Waiting for a kind reply,
Best regards

Dario Bonino
-- 
Ing. Dario Bonino, Ph.D

e-m@il: [hidden email] 
www: https://www.linkedin.com/in/dariobonino
<foaf:Person>
	<foaf:firstName>Dario</foaf:firstName>
	<foaf:surname>Bonino</foaf:surname>
	<foaf:msnChatID>[hidden email]</foaf:msnChatID>
</foaf:Person> 
Reply | Threaded
Open this post in threaded view
|

Re: [Stateful Functions] Help for calling remote stateful function (written in Python)

Bonino Dario

Dear Igal, dear List

Thank you very much for your reply. Your advice was crucial to overcome the issue. I have now created a TypedValue manually and successfully managed to communicate with the remote function in Python. Nevertheless, I am still facing a strange behavior regarding the invocation of the remote function.

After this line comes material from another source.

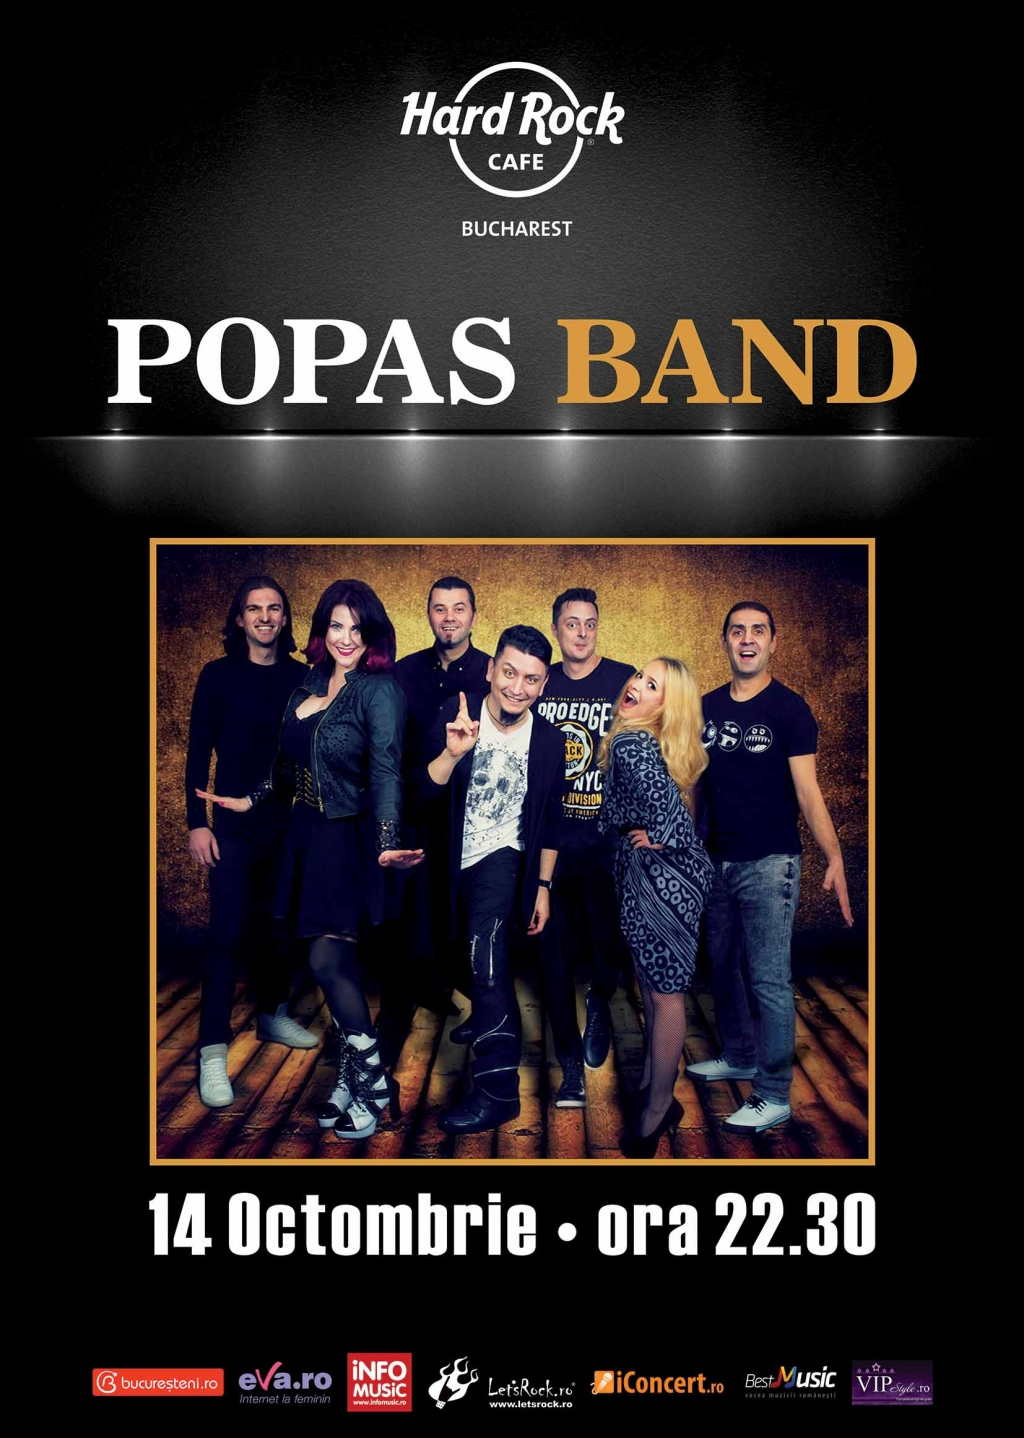 Popas Band concerteaza la Hard Rock Cafe pe 14 octombrie

I load messages to send to the remote function from a test CSV file. If the number of messages is high, i.e., over 6k my pipeline receives the function output as expected unless that the last entries of the file (3 or 4, depending on the run) are missing, even if they appear to be processed on the Python side. However, if I reduce the number of objects sent to the function, say to 1 or 2, I do not see any output from the Kotlin pipeline (of which an excerpt is reported it below).

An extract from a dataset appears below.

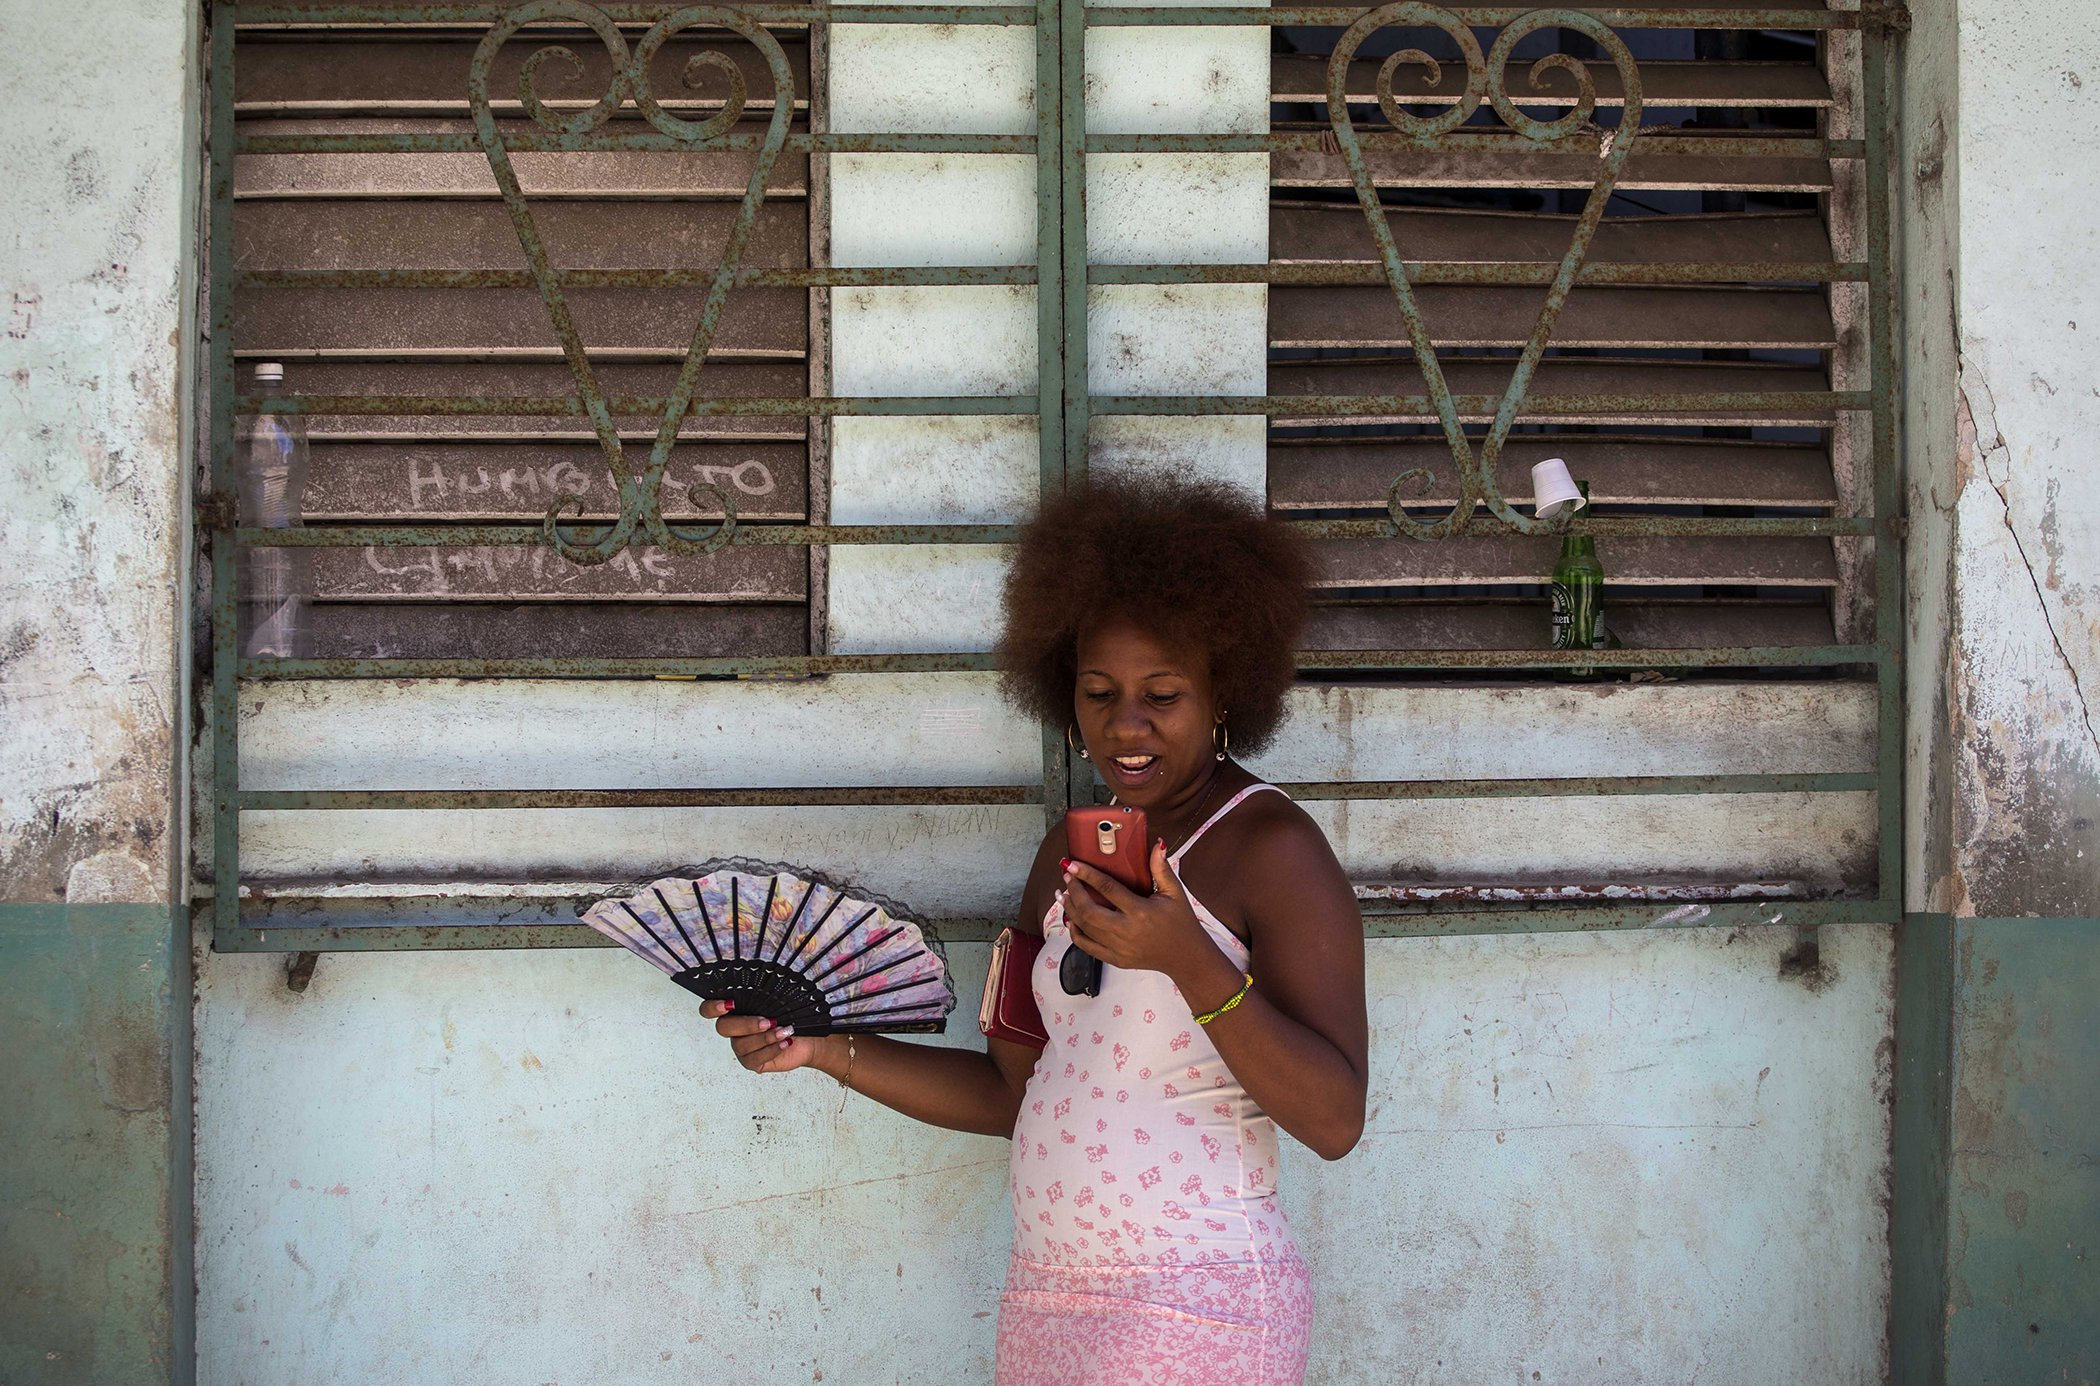 Cuba-Internet-Connectivity.jpg

private val REMOTE_GREET = FunctionType("com.me.try", "echo_user_id")
        private val GREETINGS = EgressIdentifier<TypedValue>(
            "
com.me.try",
            "out",
            TypedValue::class.java
        )

        @JvmStatic
        fun main(args: Array<String>) {
            val env = StreamExecutionEnvironment.getExecutionEnvironment()
            env.parallelism = 1
            val usersCsv = env.readTextFile("input/users.csv")
            val users = createUsersStream(usersCsv)
            val statefunConfig = StatefulFunctionsConfig.fromEnvironment(env)
            statefunConfig.factoryType = MessageFactoryType.WITH_KRYO_PAYLOADS
            val usersIngress: DataStream<RoutableMessage> = users.map { payload ->
                RoutableMessageBuilder.builder()
                    .withTargetAddress(REMOTE_GREET, "test")
                    .withMessageBody(
                        payload.f1
                    )
                    .build()
            }

            val predictEgress = StatefulFunctionDataStreamBuilder.builder("test")
                .withDataStreamAsIngress(usersIngress)
                .withRequestReplyRemoteFunction(
                    RequestReplyFunctionBuilder
                        .requestReplyFunctionBuilder(REMOTE_GREET, URI.create("http://127.0.0.1:8000/statefun"))
                        .withMaxRequestDuration(Duration.ofSeconds(15))
                        .withMaxNumBatchRequests(2)

                )
                .withEgressId(GREETINGS)
                .withConfiguration(statefunConfig)
                .build(env)

            val output = predictEgress.getDataStreamForEgressId(GREETINGS)
            val convertedOut = output.map { typedValue -> com.google.protobuf.StringValue.parseFrom(typedValue.value) }
            convertedOut.print()
            env.execute("Hello stateful!!")
        }

        private fun createUsersStream(usersCsv: DataStreamSource<String>): DataStream<Tuple2<Int, TypedValue>> {
            return usersCsv.flatMap { value, out ->
                val fields = value.split("\t")
                val random = 0
                val user = User.newBuilder().apply {
                    this.userId = fields[1].toInt()
                    this.gender = fields[2]
                    this.zipcode = fields[3].toInt()
                    this.ageDesc = fields[4]
                    this.occDesc = fields[5]
                }.build()
                for (i in 0..random) {
                    val ub = TypedValue.newBuilder()
                        .setValue(user.toByteString())
                        .setTypename("
com.me.try/user")
                        .setHasValue(true)
                        .build()
                    out.collect(Tuple2(user.userId, ub))
                }
            }
        }
    }

By investigating what happens on the Python side, it appears that in the case of few messages the state spec is missing from the received request, while being specified in the Python function binding (as reported below),

@functions.bind(typename='com.me.try/echo_user_id',
                specs=[ValueSpec(name='count', type=IntType)])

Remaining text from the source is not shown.